Instructions for the task: Copy word for word the lines in the records below, starting at the line with "Журнал.Спортивные игры №" and ending at the line with "Merkblatt DVS/EFB 3480-1". Skip the pictures.

Data to use:

┌──

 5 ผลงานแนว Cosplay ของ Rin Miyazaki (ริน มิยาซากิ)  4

└──
┌──

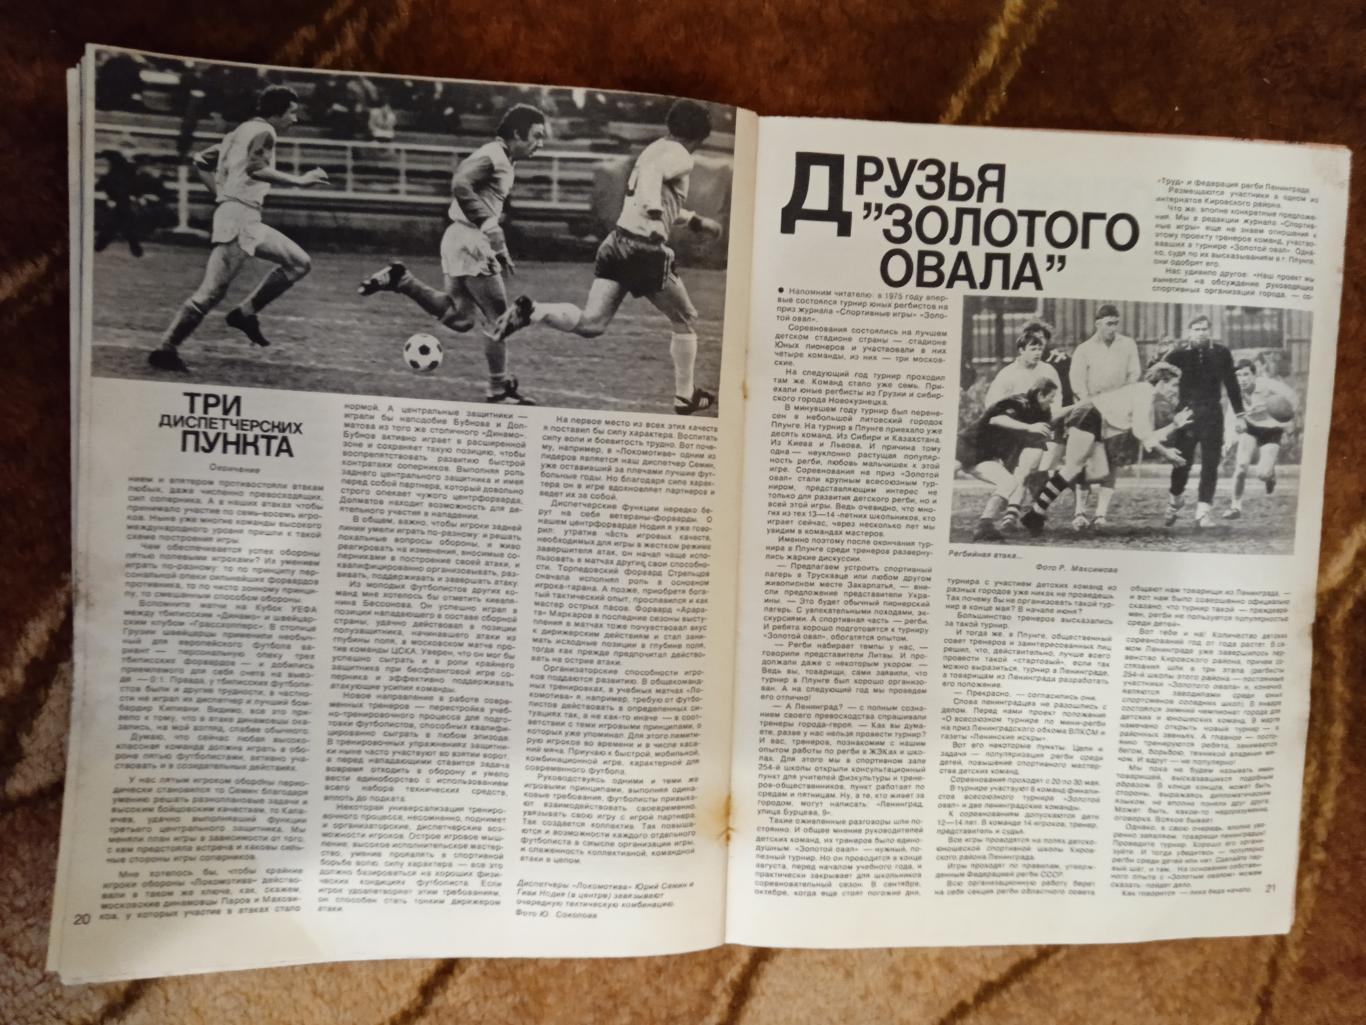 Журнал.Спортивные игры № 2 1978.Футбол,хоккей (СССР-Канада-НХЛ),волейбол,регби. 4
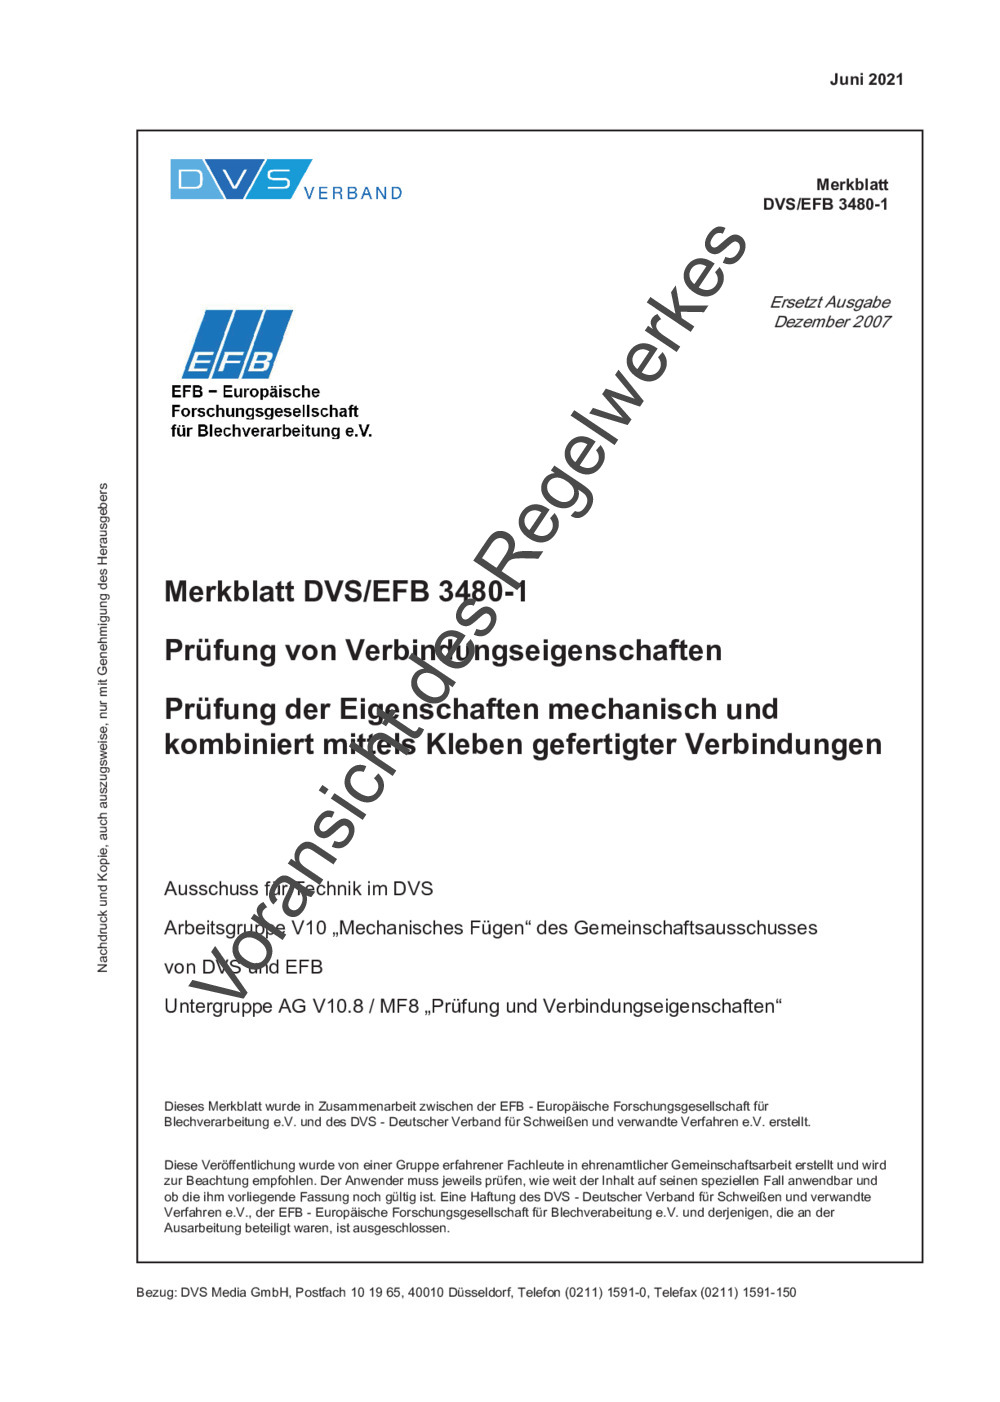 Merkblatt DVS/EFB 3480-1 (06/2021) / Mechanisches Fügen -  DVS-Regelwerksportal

└──

Response:
 Журнал.Спортивные игры № 2 1978.Футбол,хоккей (СССР-Канада-НХЛ),волейбол,регби. 4
 Merkblatt DVS/EFB 3480-1 (06/2021) / Mechanisches Fügen -  DVS-Regelwerksportal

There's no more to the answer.